With Valentine's Day a bitter, empty memory, our hosts have thrown a post-/anti-VD party. The invitations were specific: It's an '80s ("Pre–Hot Topic and Marilyn Manson") Goth Party. There are no dog collars, S&M latex, or painful-looking piercings to be found—just a lot of black lipstick and eye shadow and tons of the Cure and Siouxsie and the Banshees. A woman hands partiers high-school-style folded notes, adding, "Not that it means anything," before slouching away. One reads: "Hey, Valentine! Love is pain! Whatever."

People get tips on how to goth dance: "It's kind of the antihippie dancing. Hippies dance with their arms outstretched and goths are all self-contained and dancing inward." But even with an impressive smoke machine, the Darkness is hard to maintain: People are continually shouting, "No smiling! Never smiling!" A sad schoolgirl bubbles, "I'm the happiest goth in the world!" and someone else explains, "When I hear Joy Division, I just get happy... it makes me wanna dance happily."

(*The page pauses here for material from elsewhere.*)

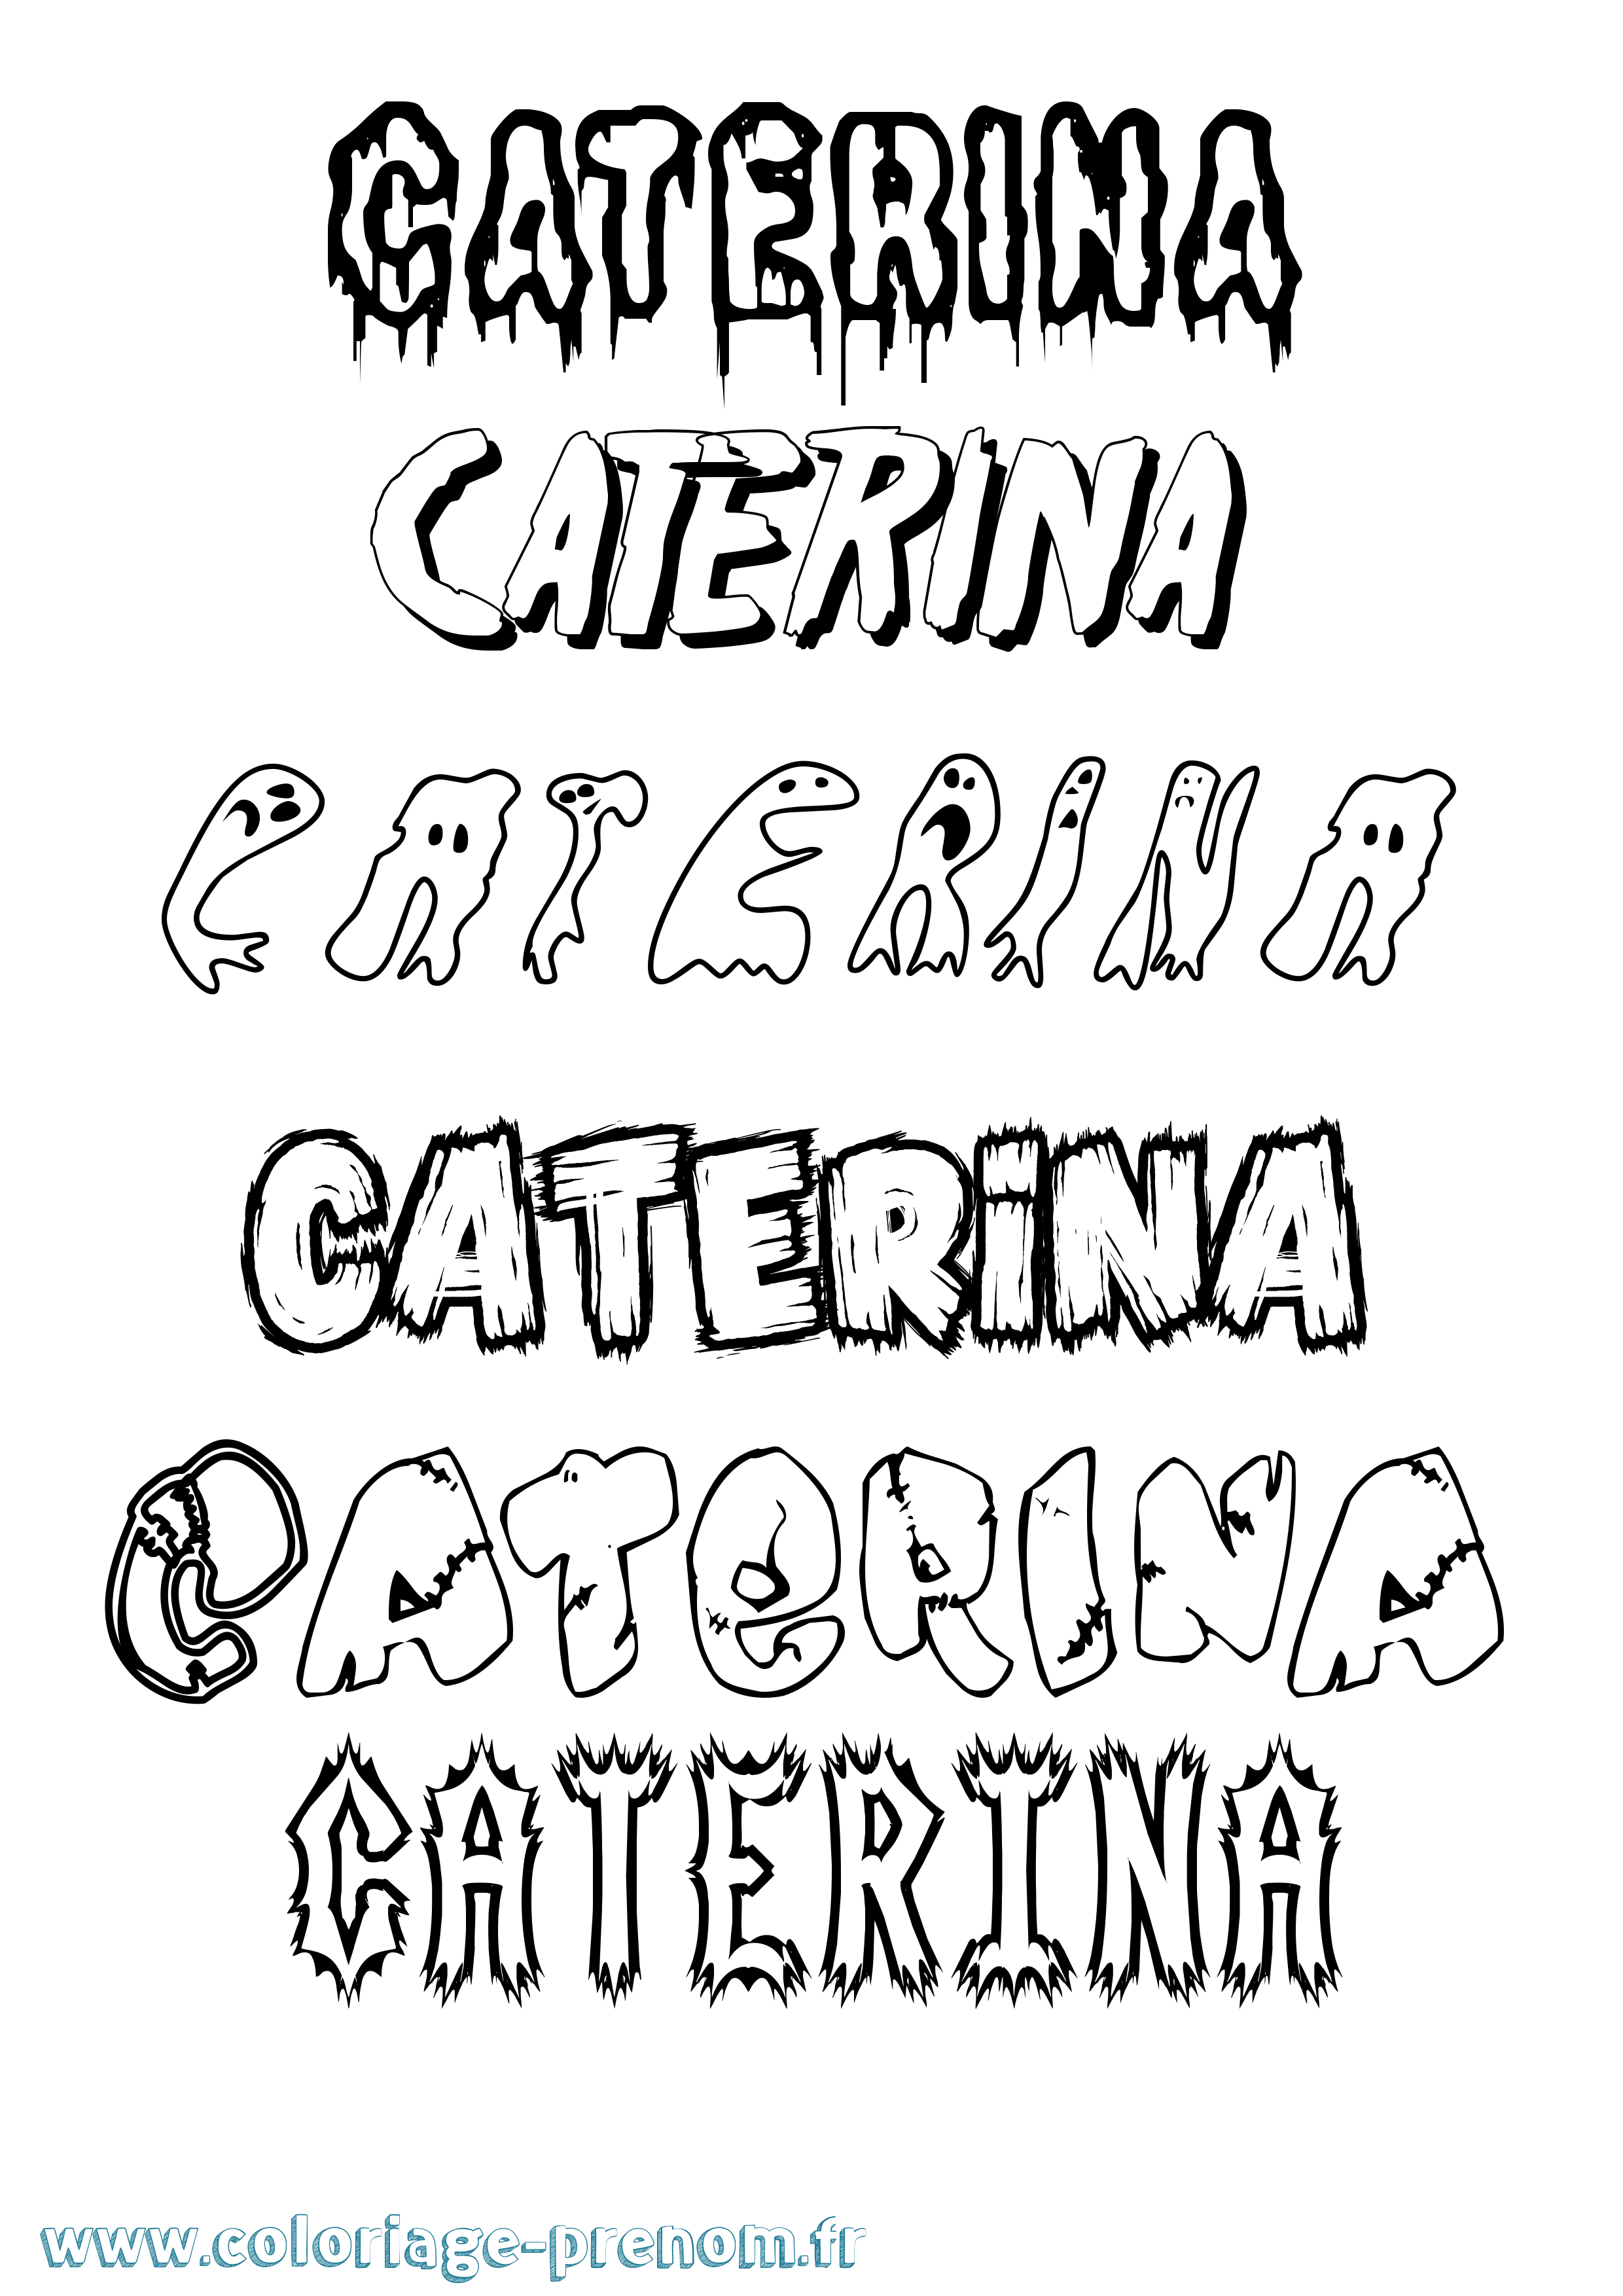 Coloriage prénom Caterina Frisson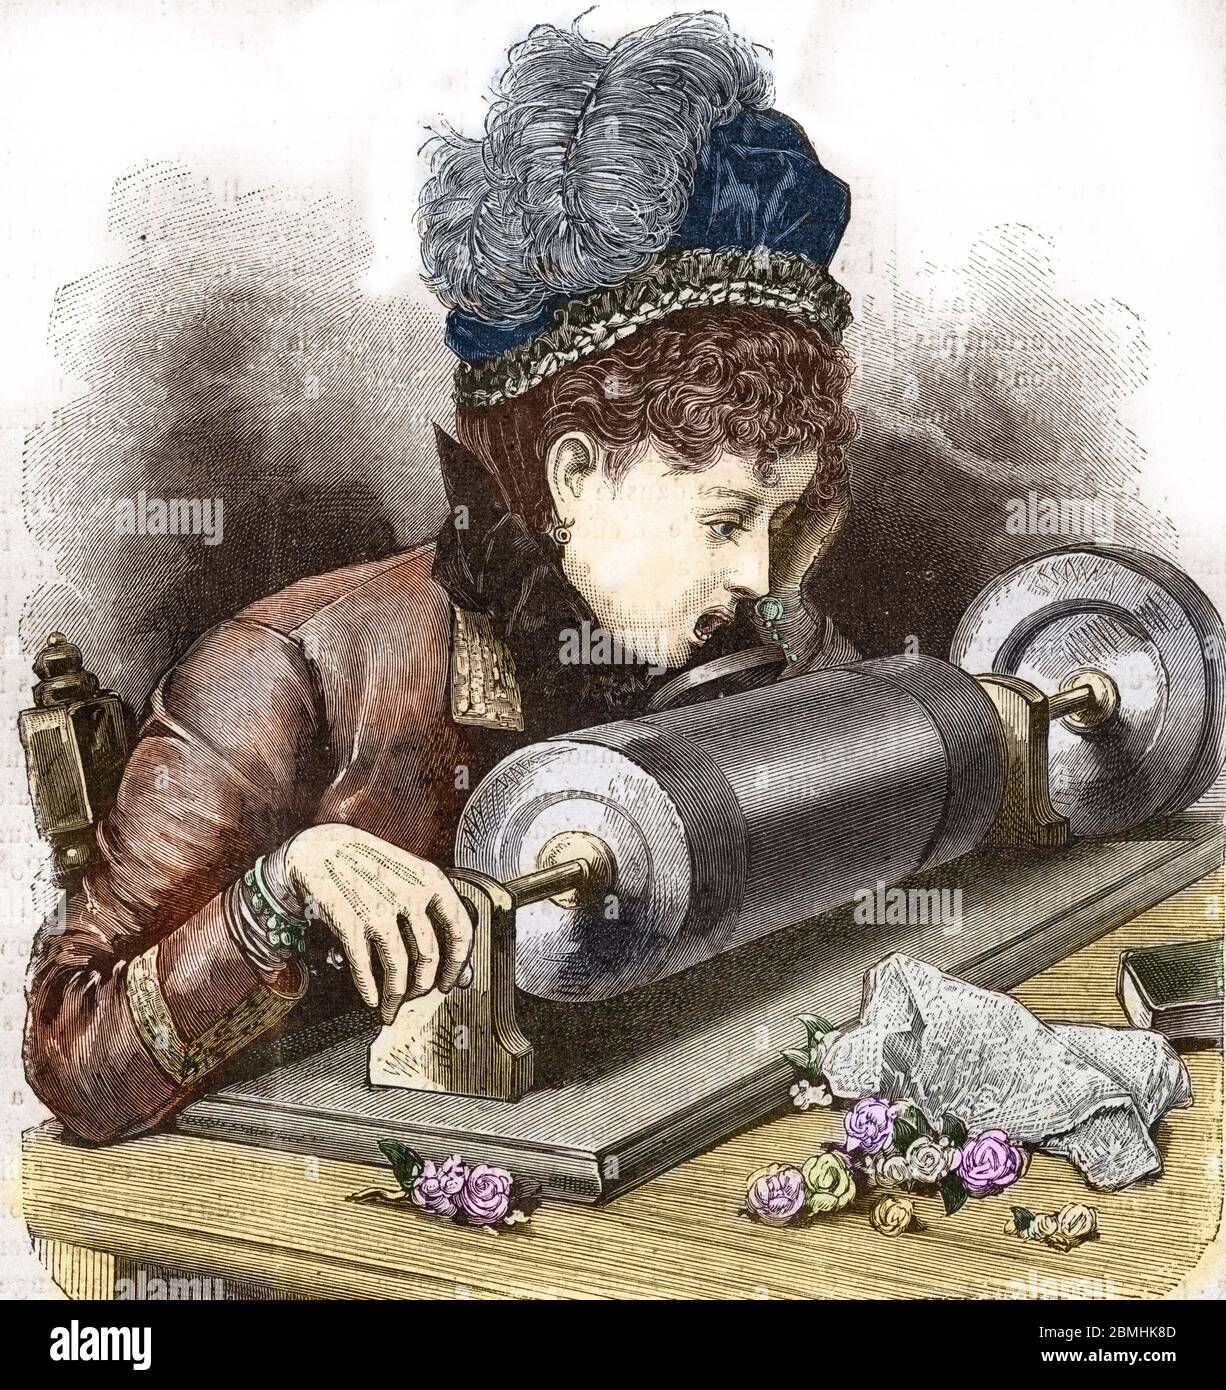 Le phonographe de Thomas Edison (1877) : enregistrement d'un fils, une jeune femme enregistrée sa propre voix - Gravide - enregistrement sonore : une femme reco Banque D'Images

The partiers all look so adorable in their Heathers-era gloom that it's enough to make you regret that Trent Reznor ever came along and depressed the hell out of the scene. Some women decorate Party Crasher with black eyeliner and lipstick, and we start to feel a little bit melancholy. We explain that we've never done goth before. "Well," someone says, "you're not really goth, you're kind of... Gap-goth." We say that being called Gap-anything makes us want to hang ourselves, and she snarks: "No, see, if you hung yourself, you'd be a real goth."